— Какая мерзость!

— Необходимо ответить. Академия не может быть под ударом...

— Что вы! Напротив, Академия должна...

— Господа, господа! Настоящее мнение Академии...

В зале закрытых заседаний, у большого камина, над которым висит портрет кардинала Ришелье во весь рост, Бессмертные горячо спорят, прежде чем начать заседание.

Сумрачный, холодный свет парижского зимнего дня, проникающий сквозь застекленный потолок, еще усиливает ледяную торжественность мраморных бюстов, расставленных вдоль стен. Огромной раскаленной топке камина, красной, как сутана кардинала, не удается согреть этот своего рода маленький парламент или трибунал с зелеными кожаными креслами и длинным подковообразным столом перед кафедрой, не удается согреть педеля, стоящего у входа неподалеку от секретаря Пишераля.

Обыкновенно эти четверть часа, предоставляемые запоздавшим, — самая приятная часть заседания: академики, собравшись небольшими группами, вполголоса дружески судачат, повернувшись спиною к огню и подняв фалды фраков. Но сегодня разговор становился общим, приобретая характер резких публичных дебатов, в которых вновь прибывшие принимали участие, как только входили в зал, едва расписавшись на листе присутствующих. Иные, даже не переступив порога, снимая шубы, кашне и калоши в пустынном зале Академии наук, уже приоткрывали дверь, выражая возмущение этой подлостью, этим гнусным поступком.

Причина переполоха — появление в одной утренней газете очень резкого отзыва Флорентийской академии о «Галилее» Астье-Рею и о приложенных к нему исторических документах, явно подложных и нелепых. Отзыв этот, сообщенный конфиденциально председателю Французской академии, уже в течение нескольких дней тайно волновал всех Бессмертных, с лихорадочным нетерпением ожидавших решения Астье-Рею, но тот ограничивался неопределенными ответами:

— Знаю, знаю... Я все сделаю.

И вдруг этот самый отзыв, который, как они полагали, был известен только им, напечатан сегодня утром на первой странице самой распространенной в Париже газеты с оскорбительными комментариями по адресу непременного секретаря и всей Академии.

Вот чем вызвано это волнение, этот взрыв негодования, это возмущение беззастенчивостью журналиста и глупостью Астье-Рею, подавшего повод к таким нападкам, от которых они давно отвыкли — с тех пор, как Академия стала благоразумно открывать свои двери «газетчикам». Пылкий Ланибуар, искушенный во всех видах спорта, готов отрезать уши дерзкому писаке. Два-три собрата с трудом удерживают его.
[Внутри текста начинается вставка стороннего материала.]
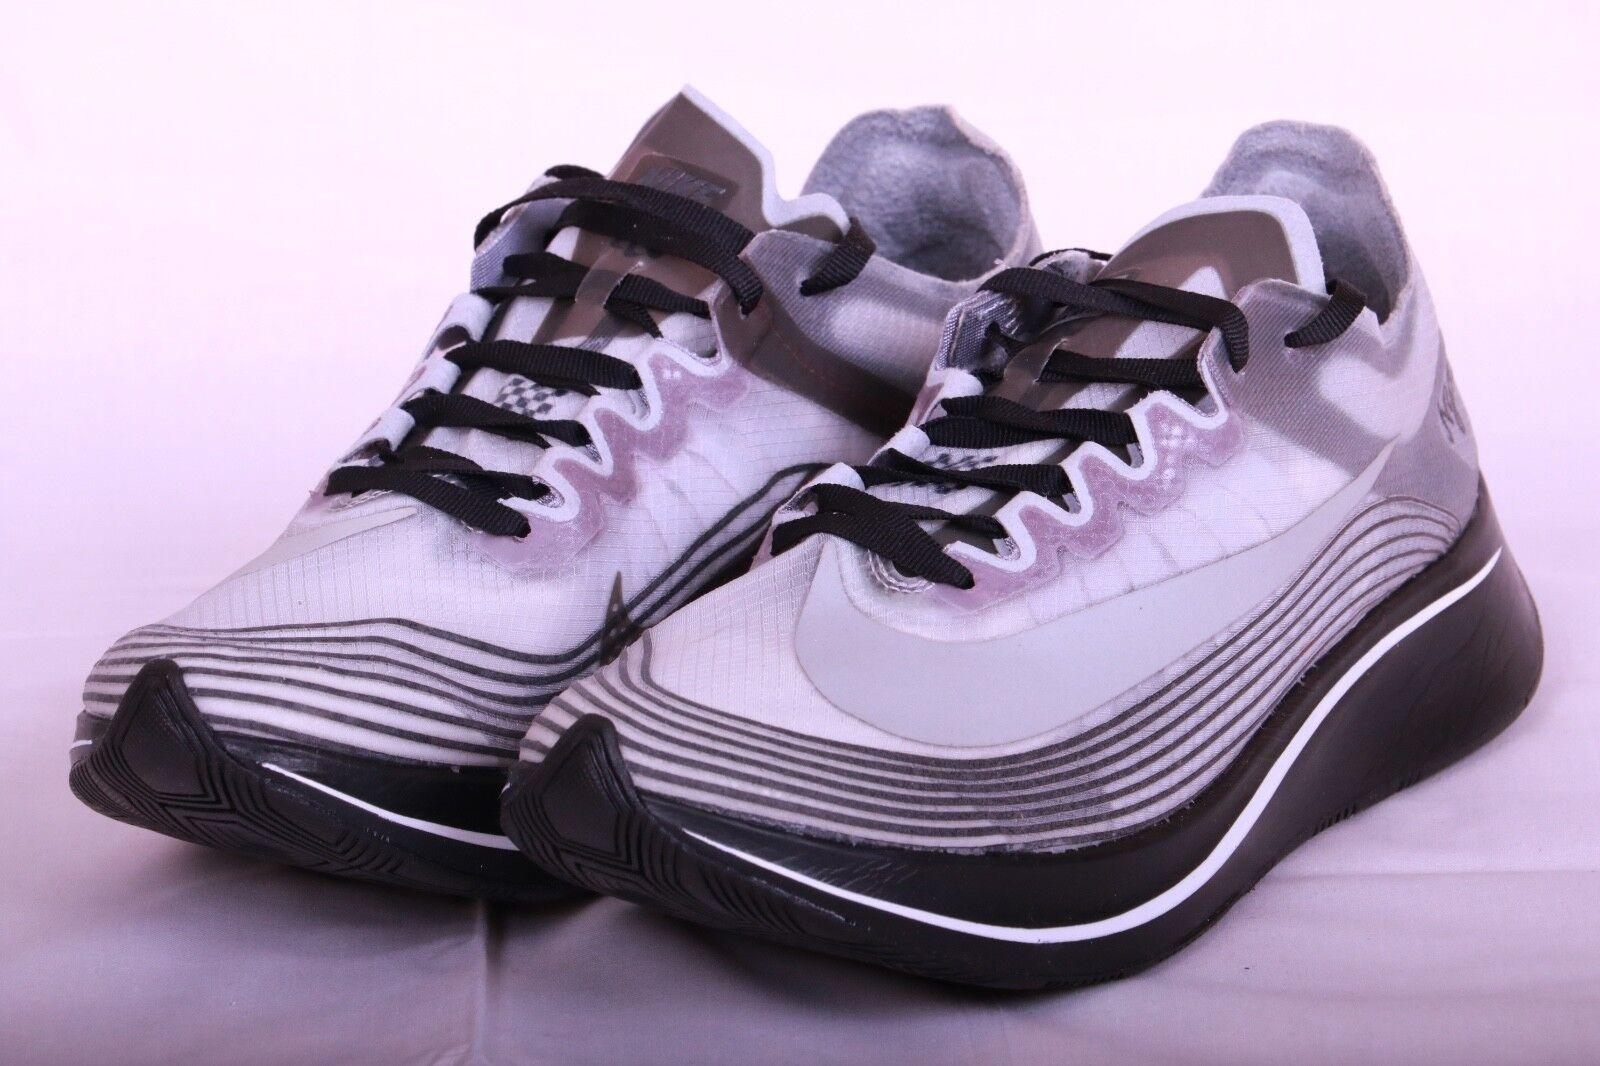 adf441c3bd018 Mens NikeLab Zoom Fly SP NYC Metallic Silver White Black Ah5088-001 ...

— Перестаньте, Ланибуар!.. Шпага должна быть на перевязи, а не в руке... Ведь это ваша острота, черт возьми, хотя у нас вся Академия ею пользуется.

— Вам известно, господа, что Плиний Старший в тринадцатой книге своей «Естественной истории»... — крикнул Газан, который вошел, запыхавшись, ступая неуклюже, как слон, — что уже Плиний говорит о поддельных документах, в частности о подложном письме Приама на папирусе!..

— Господин Газан еще не расписался! — прервал его резким фальцетом Пишераль.

— Ах, виноват!..

Толстяк расписался, а затем продолжал рассказывать о папирусе, о царе Приаме, но речь его была заглушена гулом раздраженных голосов, среди которых явственно слышалось только одно слово: «Академия... Академия...» Все говорили о ней как о вполне реальном, живом существе, и каждый был убежден, что он один только знает и может выразить ее настоящее мнение. Внезапно шум затих: вошел Астье-Рею. Он расписался, совершенно спокойно положил на свое обычное место — место непременного секретаря — свой тяжелый портфель и, подойдя к коллегам, заявил:

— Господа! Я должен сообщить вам чрезвычайно неприятную новость... Я послал в Национальную библиотеку на экспертизу пятнадцать тысяч автографов, составляющих то, что я называл своей коллекцией... И вот, милостивые государи, все они оказались подложными, все!.. Флорентийская академия права. Я стал жертвой чудовищного обмана.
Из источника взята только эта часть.